Compliance and governance topics fall under Domain 5 (Security Program Management and Oversight), which represents approximately 20% of the Security+ exam. You can expect 12-15 questions covering regulatory frameworks, security policies, risk management processes, and governance structures.
Which regulations should I know for the Security+ exam?
Key regulations include GDPR (EU data protection), HIPAA (US healthcare), PCI-DSS (payment card industry), SOX (financial reporting), GLBA (financial privacy), FERPA (education records), and CCPA/CPRA (California consumer privacy). Know what each regulation protects, who it applies to, and the penalties for non-compliance.
What is the difference between a regulation and a framework?
Regulations are legally mandated requirements with penalties for non-compliance (GDPR, HIPAA, SOX). Frameworks are voluntary best-practice guidelines that organizations adopt to improve security posture (NIST CSF, ISO 27001, CIS Controls, COBIT). Some frameworks can become mandatory through contractual obligations (PCI-DSS) or industry standards.
What security frameworks are tested on Security+?
NIST Cybersecurity Framework (Identify, Protect, Detect, Respond, Recover), NIST 800-53 (security controls catalog), ISO 27001/27002 (information security management), CIS Controls (prioritized security actions), COBIT (IT governance), and SOC 2 (service organization controls). Know the purpose and scope of each framework.

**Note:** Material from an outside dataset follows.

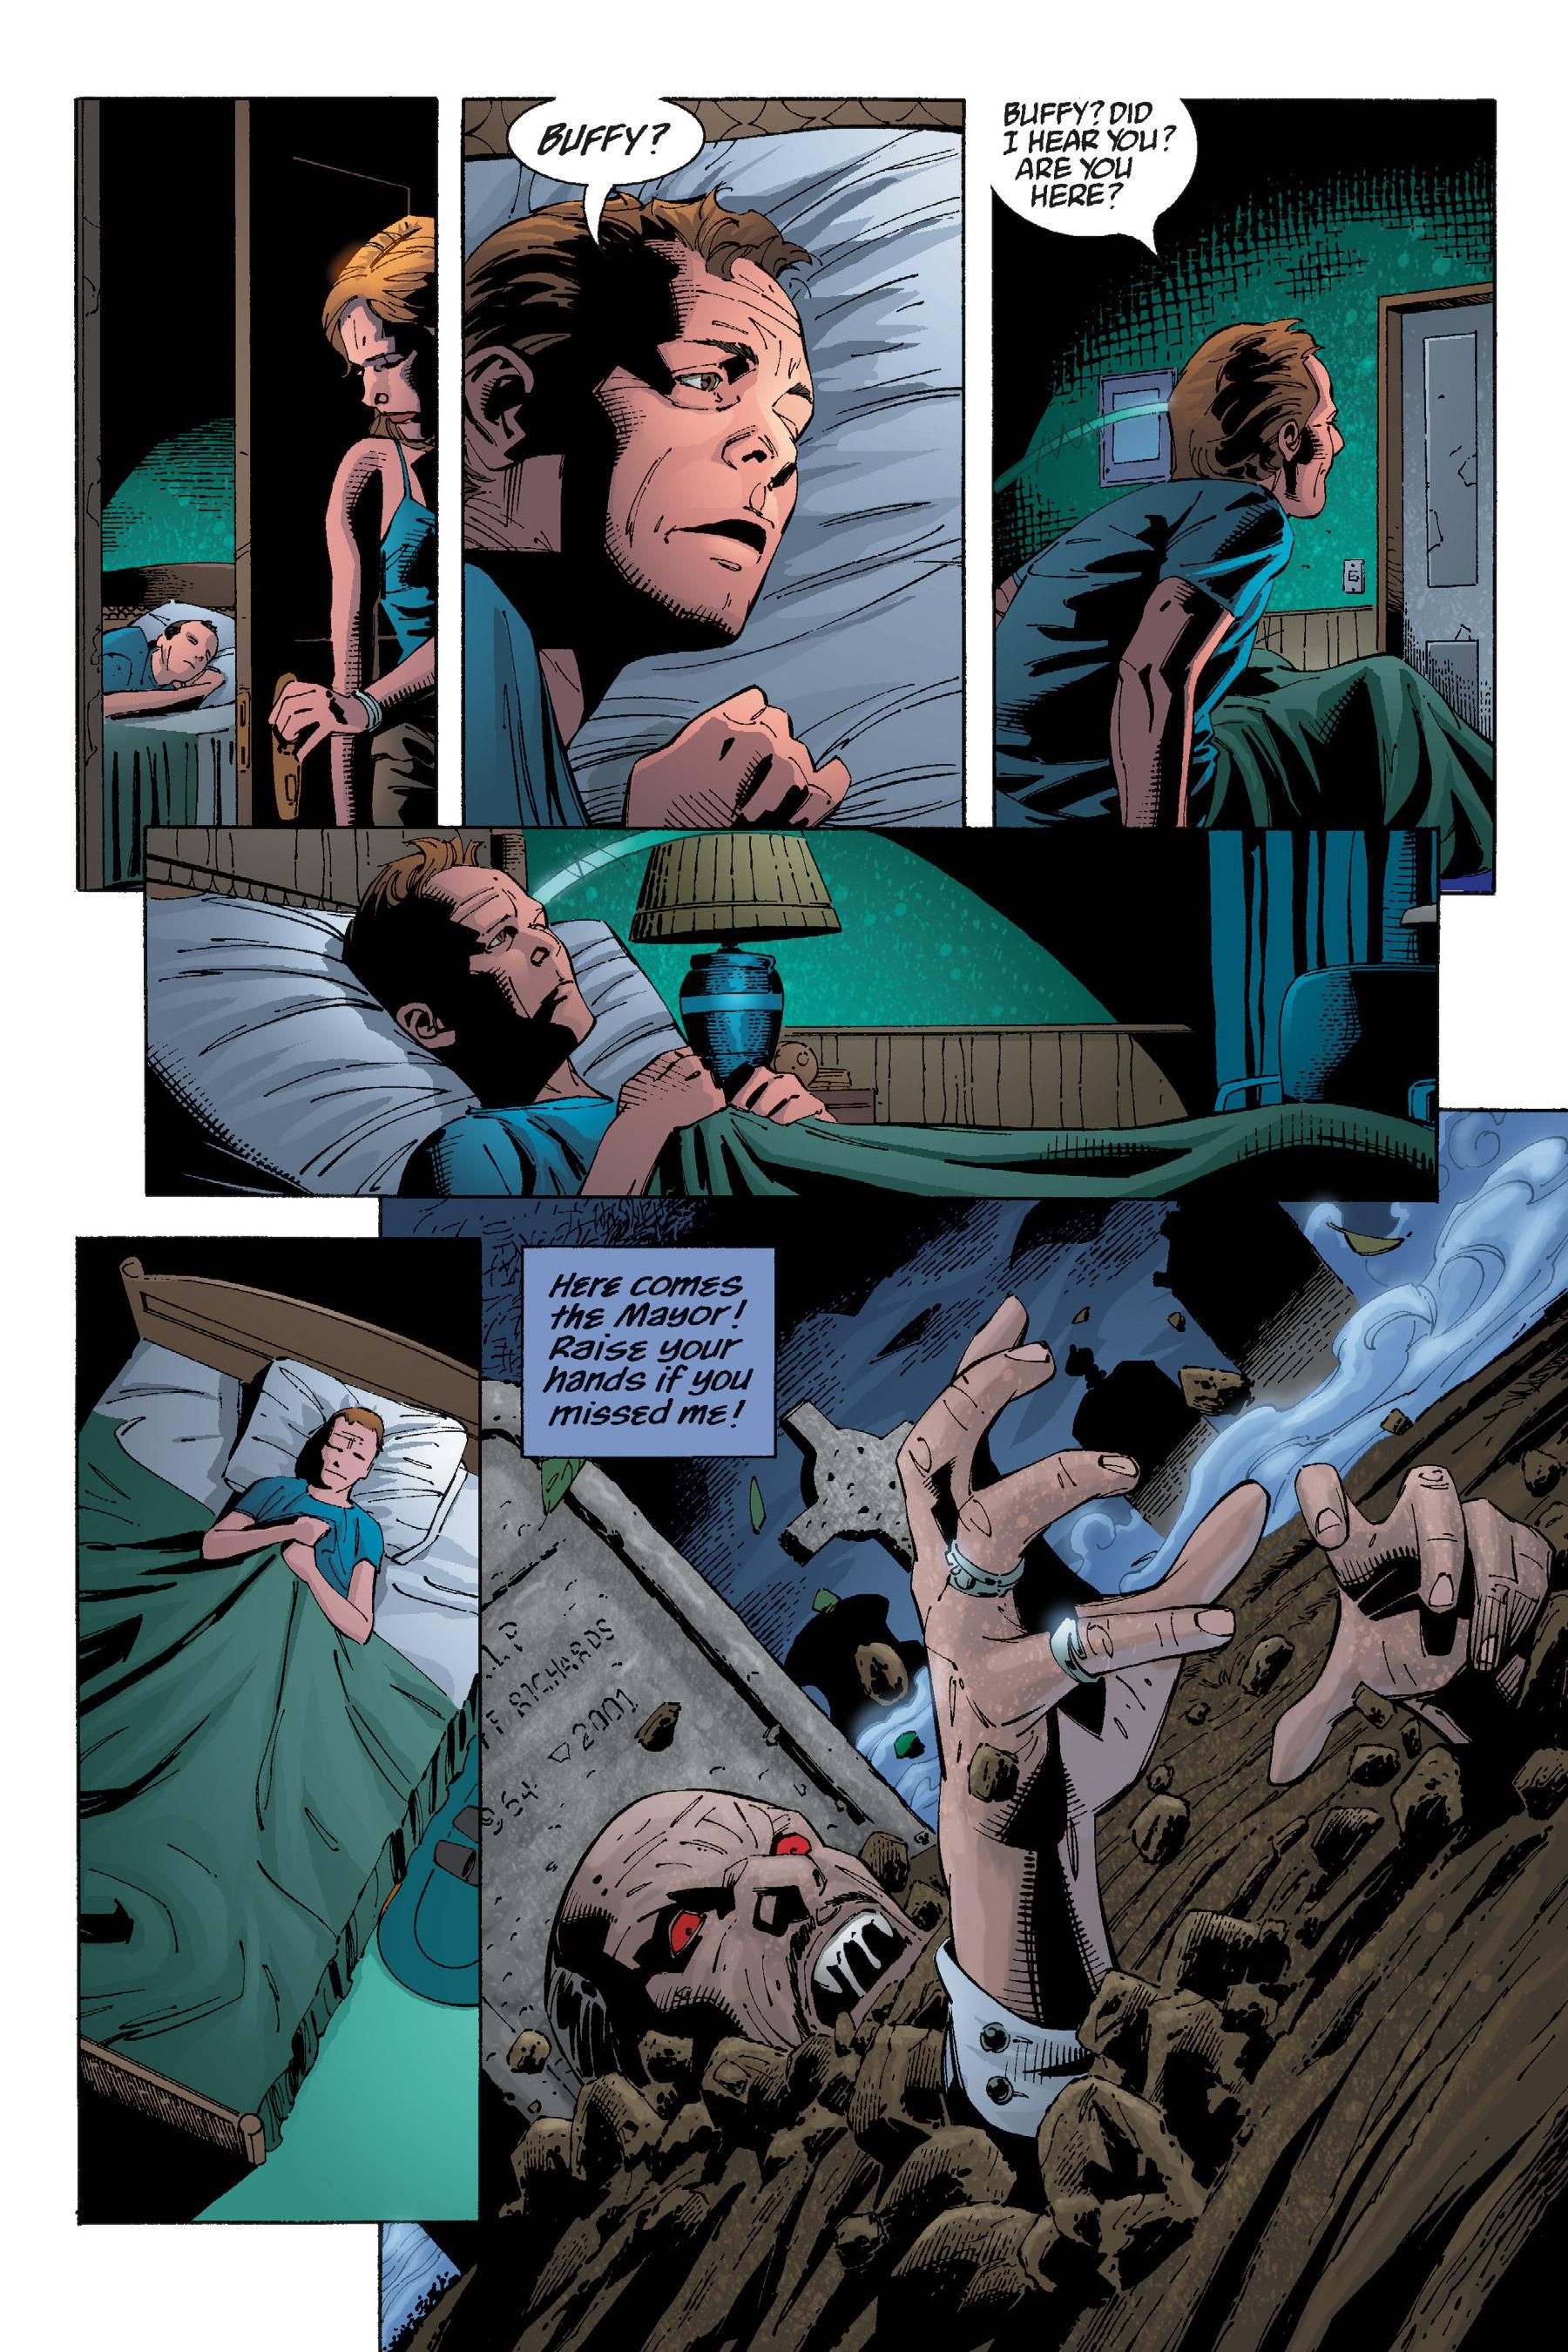 Read online Buffy the Vampire Slayer: Omnibus comic -  Issue # TPB 5 - 56

What governance concepts appear on the Security+ exam?
Security governance topics include security policies (AUP, password policies, data classification), organizational roles (CISO, DPO, data owner, data custodian), change management processes, business continuity and disaster recovery planning, incident response procedures, and third-party risk management through vendor assessments and supply chain security.
How does data classification relate to compliance?

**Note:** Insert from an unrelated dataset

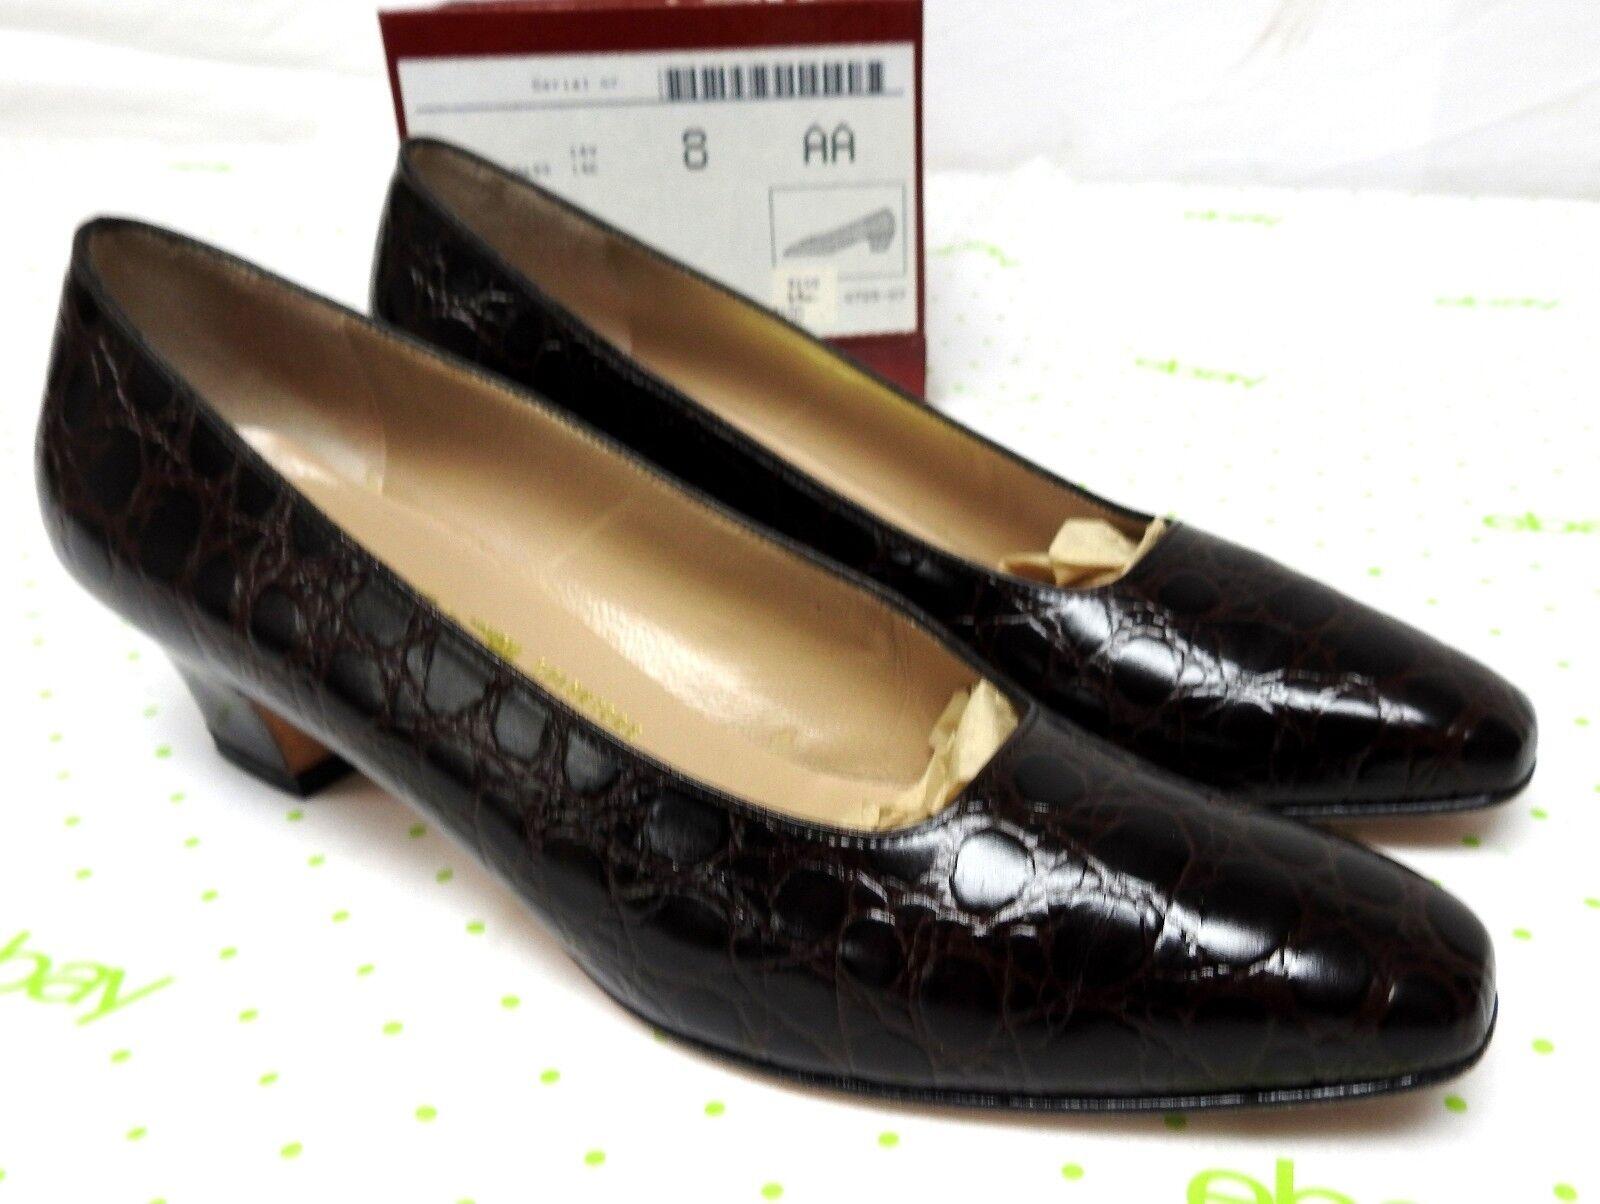 Salvatore Ferragamo Damens's Größe 8 AA Narrow pumps Leder Braun calf croc

Data classification categorizes information by sensitivity level (public, internal, confidential, restricted/top secret) to determine appropriate security controls. Regulations require specific protections based on data type: HIPAA protects PHI, PCI-DSS protects cardholder data, GDPR protects personal data of EU residents. Classification ensures the right controls are applied to the right data.